Erst kommt das Fressen, dann kommt die Moral, bemerkte ein spätbürgerlicher Dramatiker [gemeint ist Bertolt Brecht, Anm. d. A.], der im Krieg für Hollywood ein Drehbuch verfaßte; die Afroamerikaner geben uns eine diffizilere Lektion – daß ihre Strukturen fähig sind, die Gierigkeit des Kapitalismus zu durchdringen und zu überwinden.9
In dem Moment, wo er der Kunst, insbesondere einer weder westlich hochkulturell noch protestantisch-sozialarbeiterisch nur dokumentarisch-journalistisch gedachten Kunst, einen anderen Rang einräumt, ja, ihr gar zutraut, den Kapitalismus zu überwinden, in dem Moment kommt der bildenden Kunst als Potenzial eine andere Funktion zu: In der Schwarzen Stadt spielt er das durch.
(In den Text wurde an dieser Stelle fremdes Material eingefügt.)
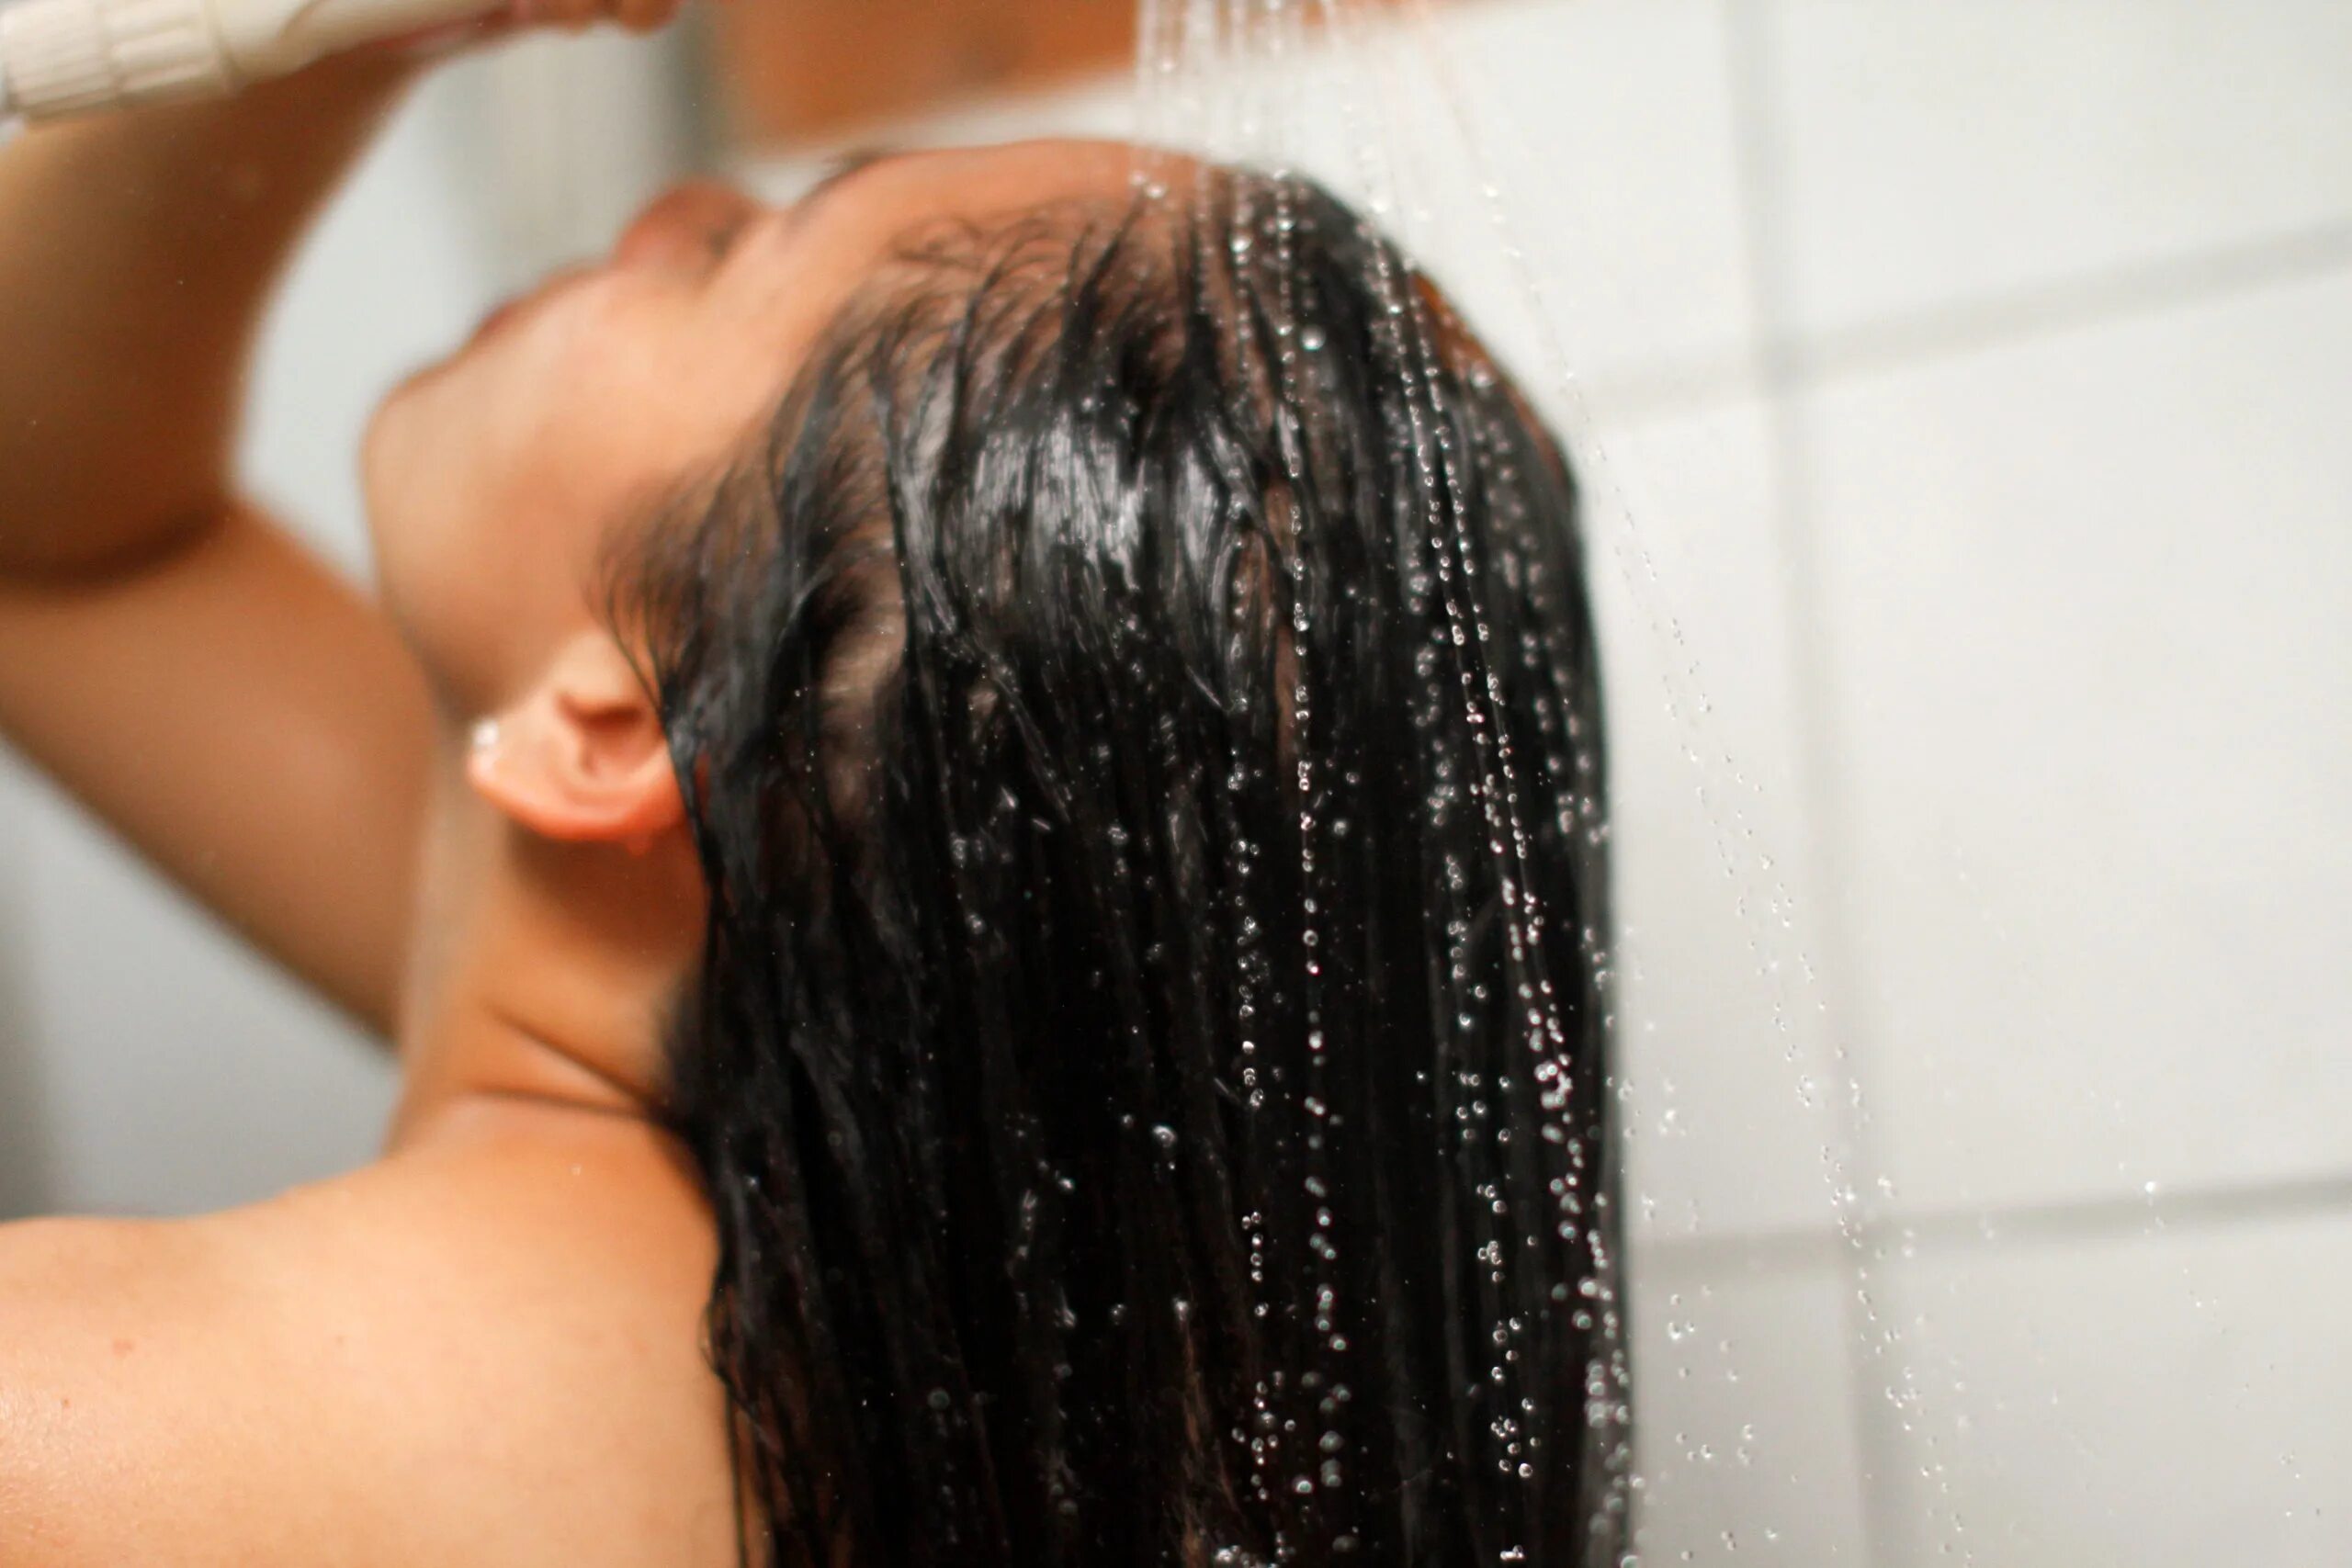 Мытье волос. Мыть голову. Мокрые длинные волосы. Вода для ополаскивания волос. Shower brunette

Kurze Zeit später aber, nach einigen weiteren Afrikareisen, erscheinen ihm diese Chancen wieder als untrennbar mit den afrikanischen und afroamerikanischen Kulturen verbunden – die er mehr oder weniger als eine Einheit denkt, als Einheit einer einzigen “surrealisischen Revolution”. In einem seiner letzten Interviews erklärt Fichte der Herausgeberin der Geschichte der Empfindlichkeit Gisela Lindemann dies so:
Vielleicht sollte man noch etwas sagen über den Grundgedanken. Hier steht unter dem Titel die Geschichte der Empfindsamkeit [sic!]„Es ist ganz einfach: ich wollte immer schwarz sein, Jäcki scheitert, Irma wird schwarz.“10
Und dabei scheint es sich um einen Teil des Plot-Plans der Geschichte zu handeln, die damals noch anders hieß. Es gibt aber noch eine andere Erklärung. Irma, also Leonore Mau macht 1980 in Harlem tatsächlich eine Fotoausstellung, erzählt Fichte im selben Interview. Diese Ausstellung, organisiert im Übrigen von der Black Emergency Cultural Coalition (gegründet aus Empörung u.a. über den Missbrauch der Fotos von James Van Der Zee in der 1968er Ausstellung Harlem On My Mind) zeigt Bilder afroamerikanischer Praktiken. Und das Publikum in Harlem, das die Fotografin nicht sieht, das keine Texte lesen muss, die aus einer anderen Sprache übersetzt sind, schaut diese Bilder, die in New York entstanden sind, aber zum Beispiel von haitianischen Praktiken handeln, nicht so an, als wären sie von einer Ethnologin oder Journalistin gemacht worden, sondern von einer Künstlerin, die für die schwarzen Betrachter*innen in Harlem auch ganz selbstverständlich als Schwarz gilt. An einen solchen Universalismus der Kunst konnte Fichte also mitten in einem Projekt, das den westlichen Universalismus infrage stellt, plötzlich wieder glauben. Dass Irma bzw. Leonore Mau hierzu einen entscheidenden Beitrag geleistet hat, steht außer Frage: Genau wie der von Fichte so geliebte, und dennoch (oder deswegen) zum Kollektivsingular zusammengefassten “Afroamerikaner” wird natürlich auch sie zum Gegenstand von Fichtes Projektionen.